**Task statement**
Lines before the one containing "Blogger Sara Azani" are not copied; that line and every one after it, through the end of the material below, are printed exactly, without pictures.

Data below Block Start

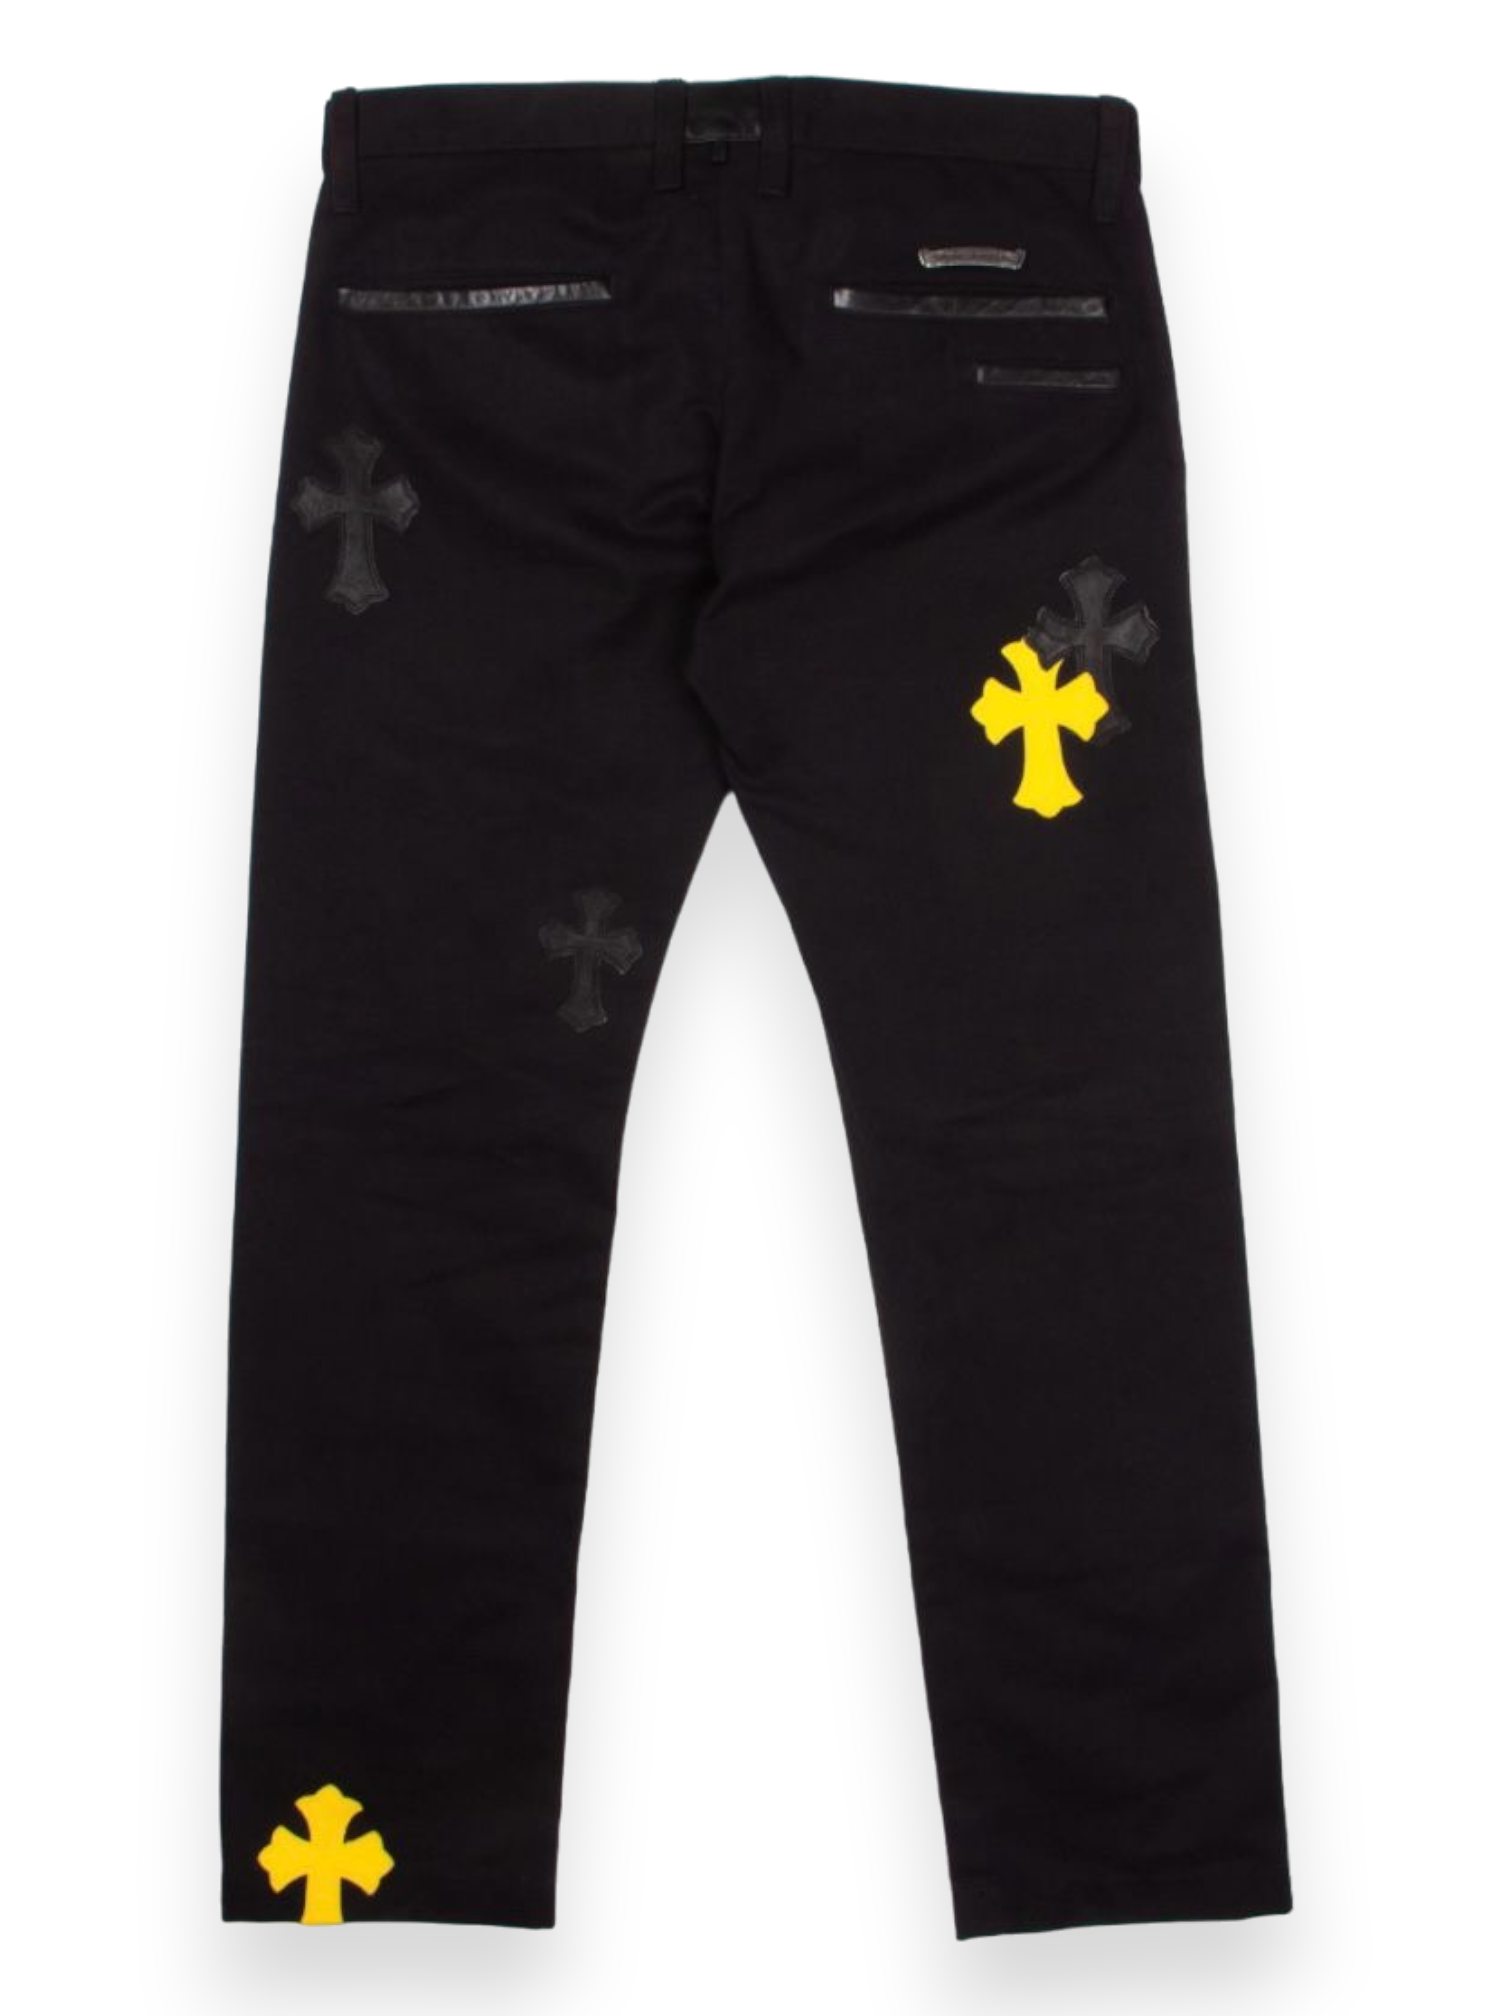 Chrome Hearts 1/1 Yellow Cross Patch Black Chinos
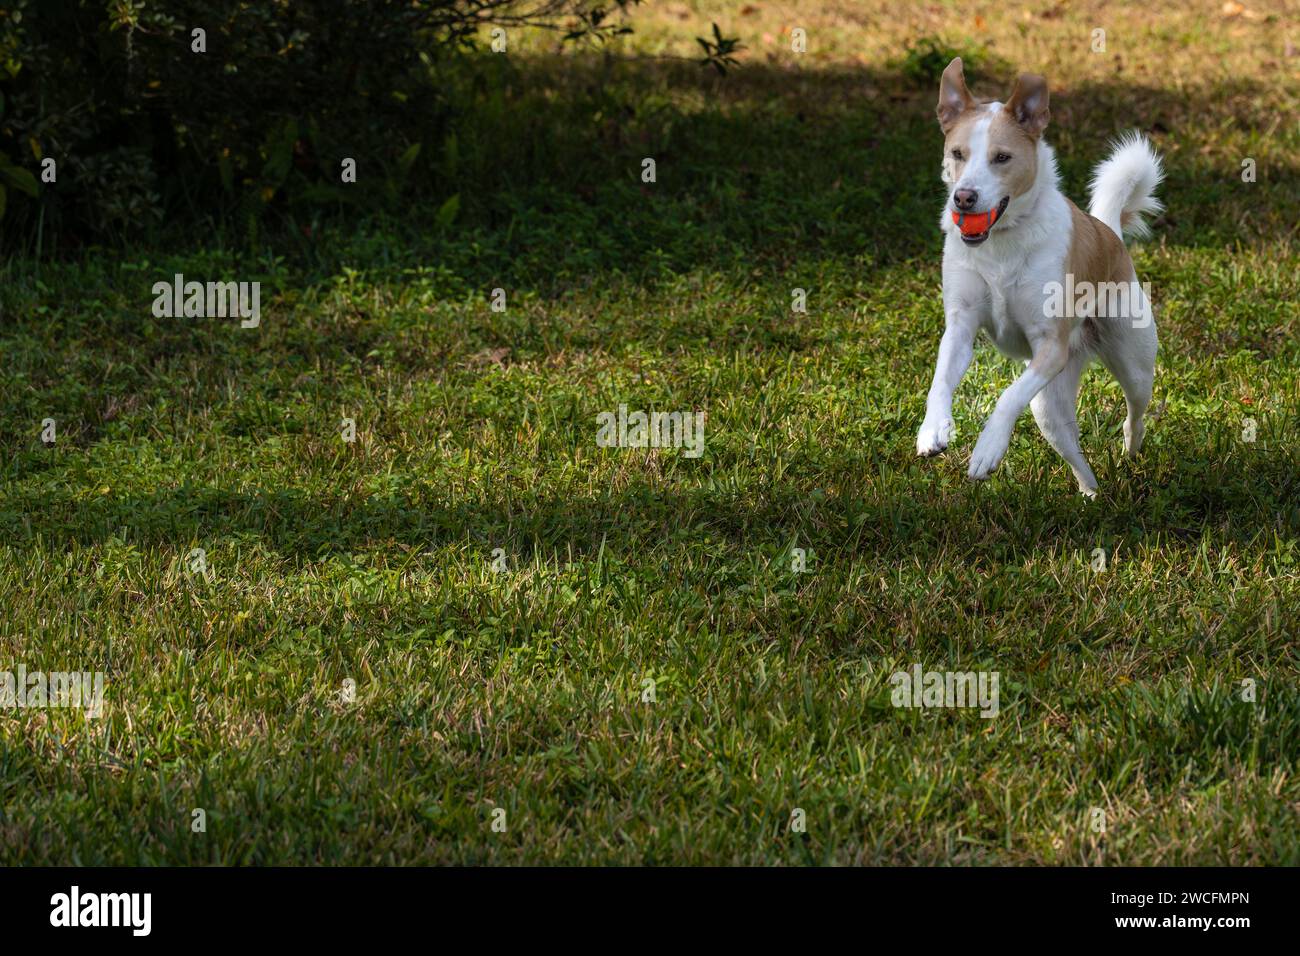 Dog running with ball in mouth Stock Photo
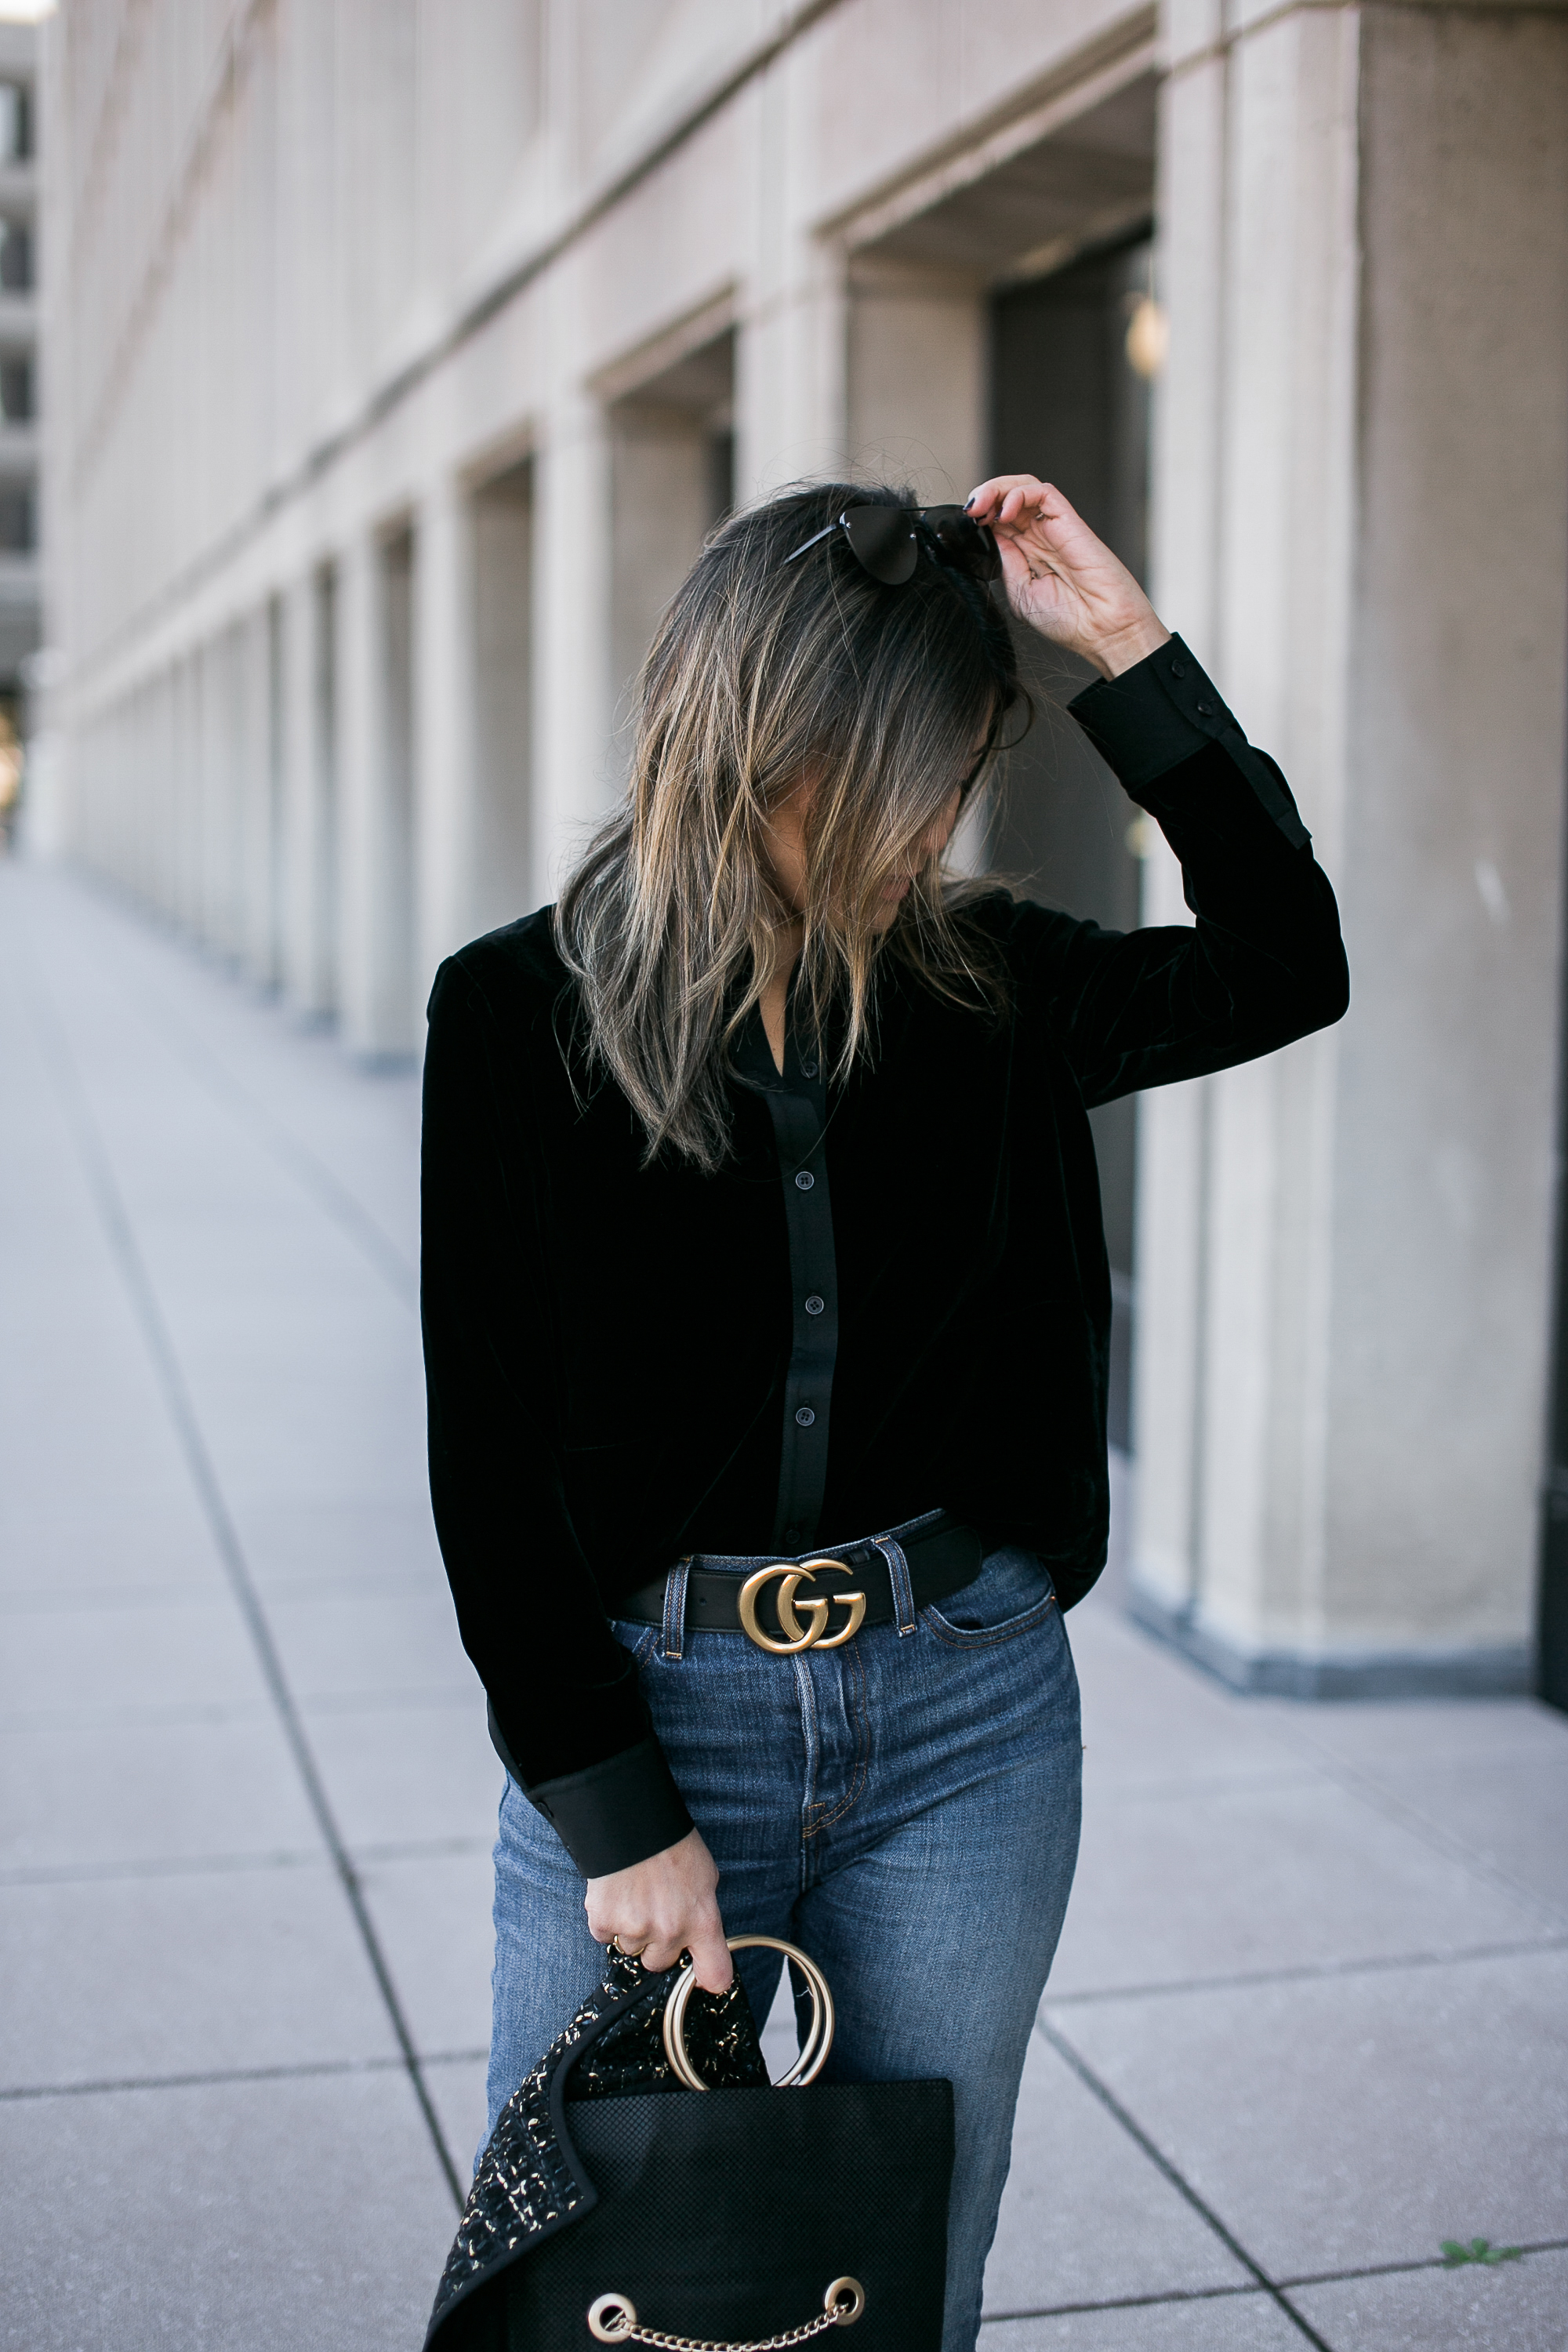 Blogger Sara Azani of Style MBA wearing a black Gucci leather belt with double G buckle, 5 Disc Choker Necklace, Whiting & Davis Fold-Over Tote, LEVI'S Wedgie Skinny Jean, Lafayette 148 New York tweed jacket, and Vince portia point toe pump as part of her black and gold look in front of a stone building in Washington, DC.
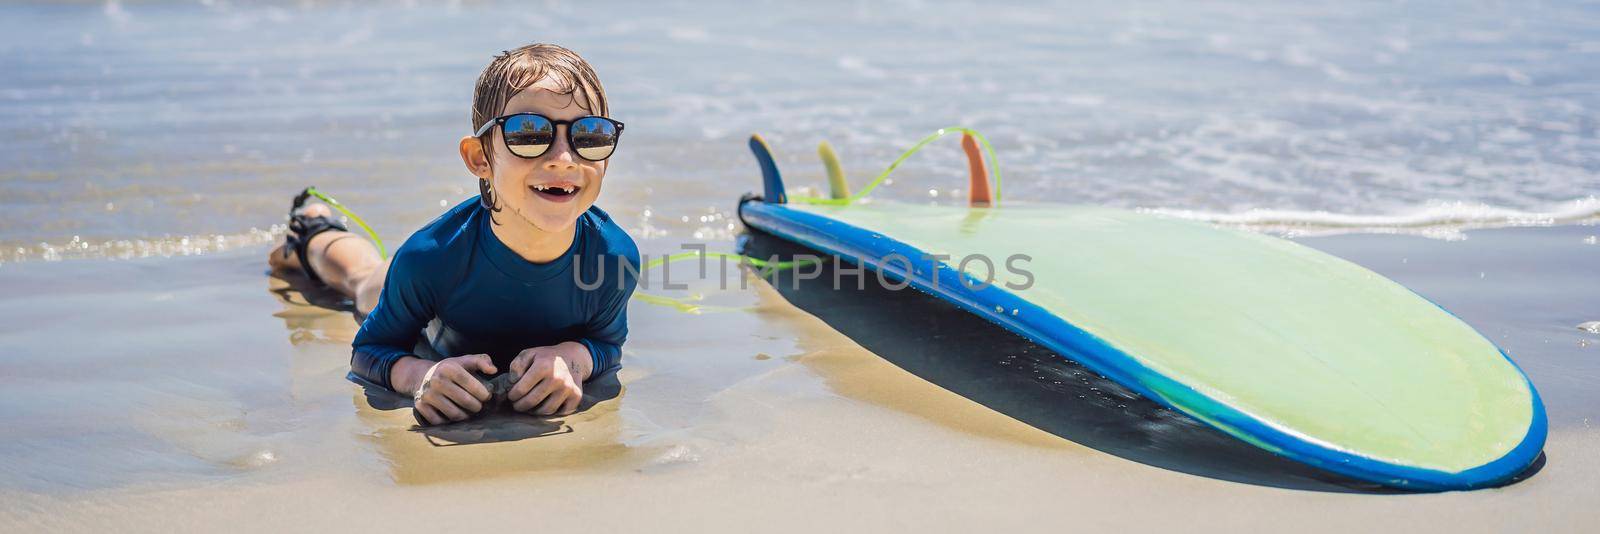 Young surfer, happy young boy at the beach with surfboard. BANNER, LONG FORMAT

Data below Block End

**Reply to the task**
 Blogger Sara Azani of Style MBA wearing a black Gucci leather belt with double G buckle, 5 Disc Choker Necklace, Whiting & Davis Fold-Over Tote, LEVI'S Wedgie Skinny Jean, Lafayette 148 New York tweed jacket, and Vince portia point toe pump as part of her black and gold look in front of a stone building in Washington, DC.
 Young surfer, happy young boy at the beach with surfboard. BANNER, LONG FORMAT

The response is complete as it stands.